Этот смуглявый бес гордился! Гордился гнилыми досками в тине морской, родовыми заслугами и даже японским самострелом, прилаженным среди камней. Гордился, шкура продажная! И братец его ученый, готовый за гроши чуть ли не на воздух поднять гигантскую махину, с таким трудом сооруженную на задворках географии, — он тоже гордился!
Впрямь забурел я на конном заводе — оторопь берет при виде разносторонности своих собратий.
И вот им, таким, с битюжьего соизволения в лапы мой снуленький? Да им пистоны к детскому пугачу продавать нельзя: вмиг соорудят бомбарду, чтобы после трупы обирать!

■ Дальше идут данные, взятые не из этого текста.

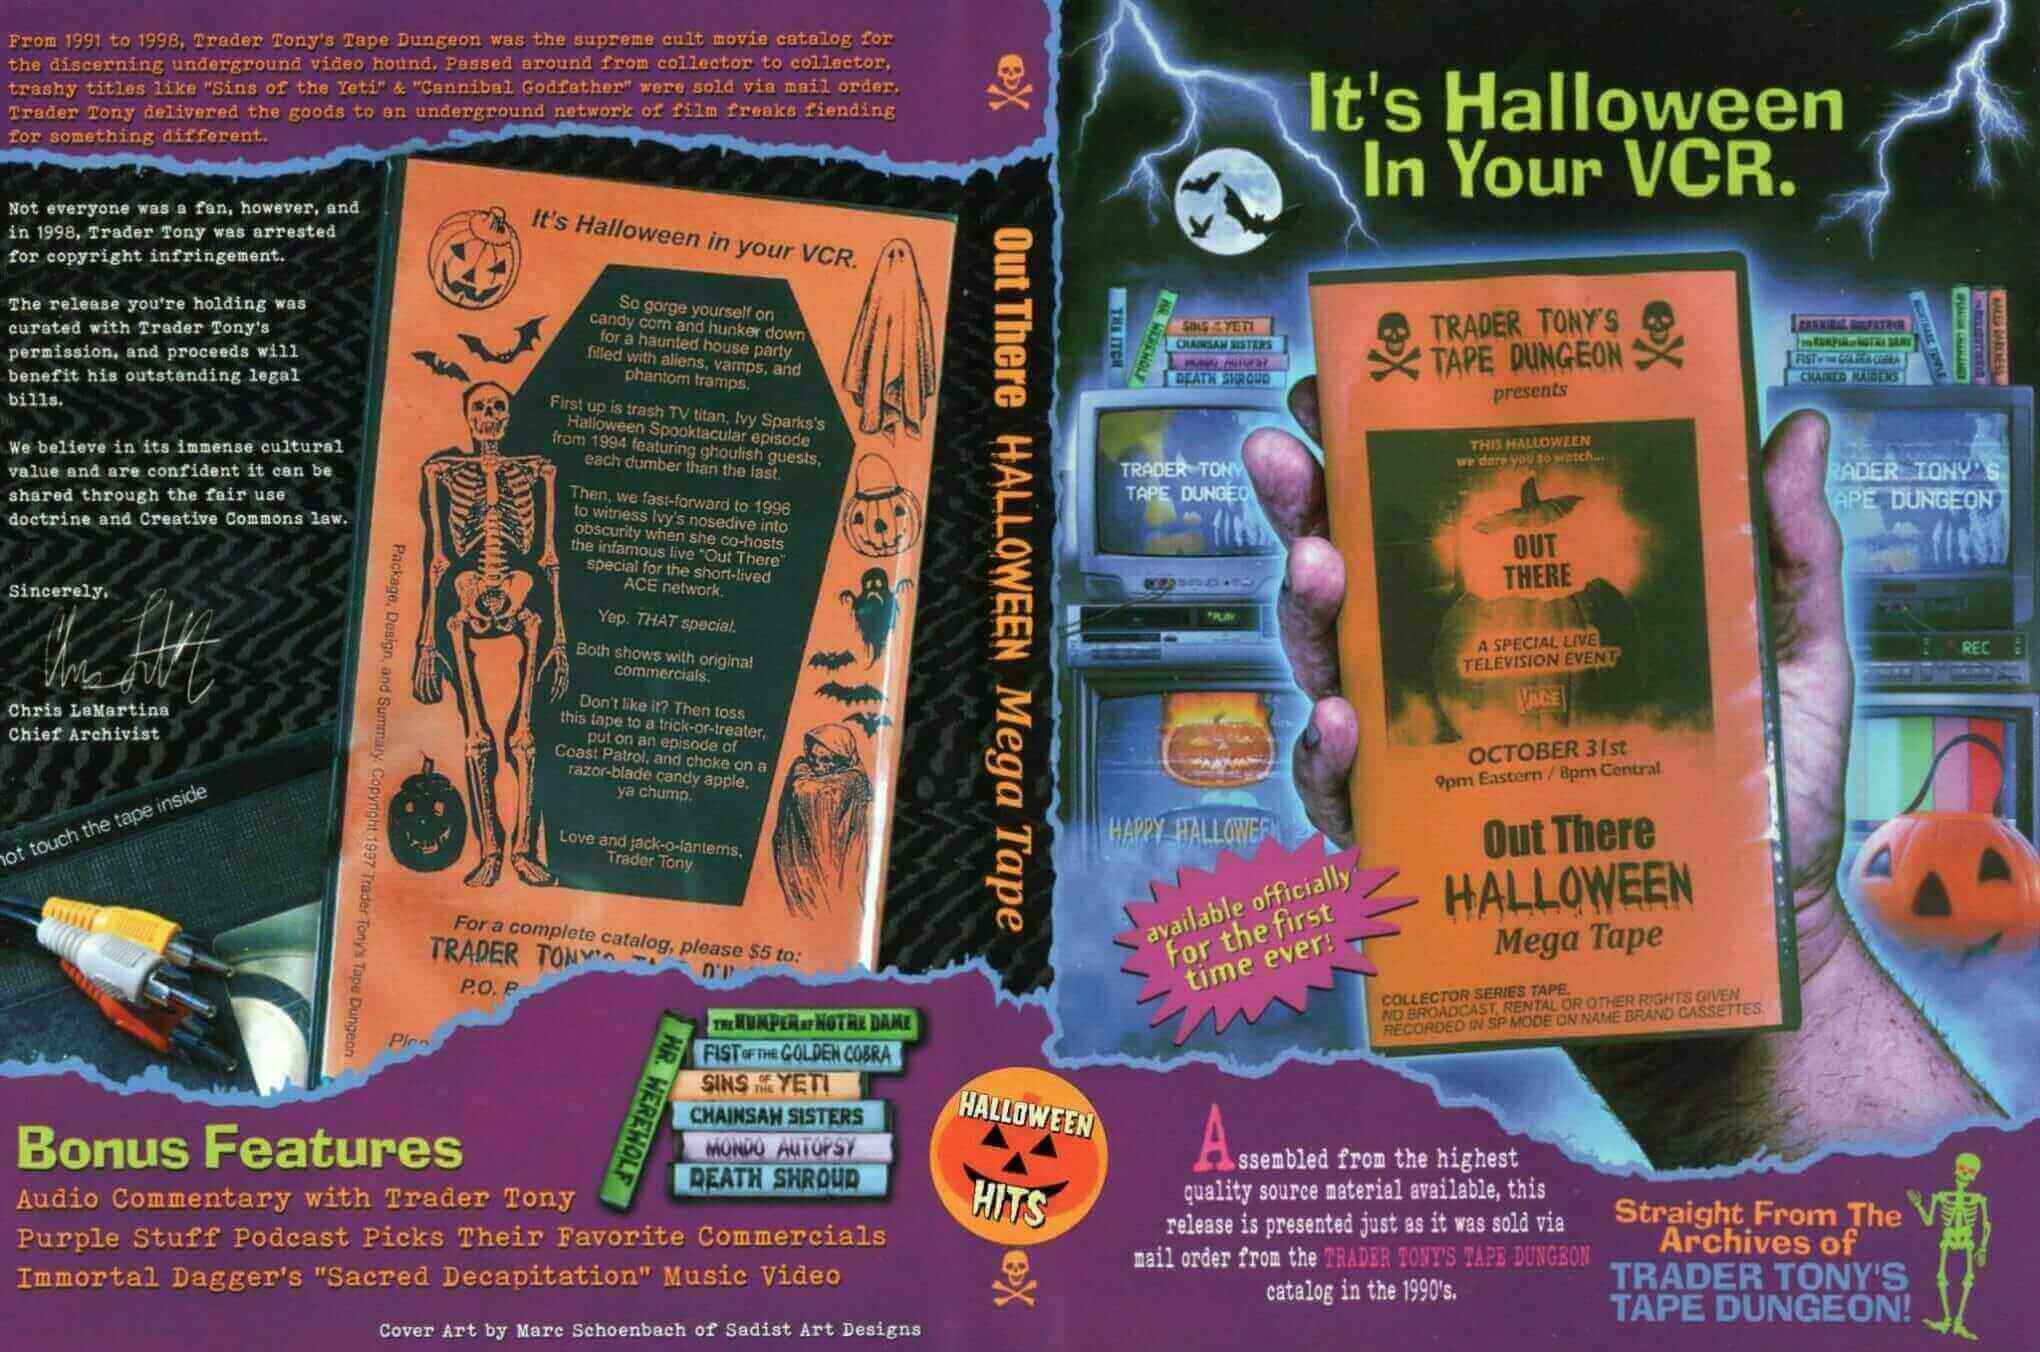 Out There Halloween Mega Tape Dvd Cover Scaled

На резиновой лодке мы добрались до места, где, по уверениям «Недреманного ока», лежал на дне затонувший корабль. В воду сунули обзорную камеру, но я ничего не мог разглядеть сквозь такую толщу. Нырять на глубину — для меня безумие. Анхель-хранитель тоже не изъявил желания лезть в пучину. Братья-разбойнички полопотали, и «Недреманное око» ткнул пальцем в сторону моториста. Тот белозубо улыбнулся, напялил сбрую и пал за борт. Минут через пять он вынырнул, подняв над головой сжатый кулак. Братья подхватили его, помогли перевалиться в лодку и снять снаряжение. Некоторое время парень сидел, бессмысленно таращась и слизывая языком кровавые потеки из носу. Потом шумно вздохнул, опять заулыбался и подал мне на разжатой ладони серый ноздреватый камушек. Брат-подрядчик перехватил камушек, поскреб ногтем, сполоснул за бортом и вручил мне серебряную монету.
— Вот. Видите? Все правда.
Я вынул из бумажника десятку и протянул парню. Тот сжался и робко глянул на брата-око. «Око» благосклонно кивнул, и моторист, просияв, сунул бумажку под ветошь, на которой сидел.
— Не положено, — укоризненно сказал «око». — Иностранная валюта. Очень щедро. Сейчас разрешаю. Больше никому не давать. Тюрьма.
— Как сувенир, — сказал я.
— Сувенир! — захохотал «око». — Сувенир! Полгода заработок. Сувенир!
Пока шли приготовления к пиру, я сидел на камне, опустив ноги в воду. Вечерело. Бледное небо, густая синева моря, багрово-бурые библейские утесы.
Анхель помалкивал шагах в десяти сзади, а во мне поднималось что-то неизъяснимое. Словно вот сейчас я встану и начну прорицать, сам не понимая рвущихся наружу звуков, корчась и захлебываясь от невозможности исполнить волю, наказующую мне. И вдруг нечаянно произнесу странное слово — и небо разверзнется, хлынет палящий бесцветный свет, утесы распадутся, а море встанет стеной. Меня сшибет, заткнет дыхание, но я еще успею догадаться, что это гром.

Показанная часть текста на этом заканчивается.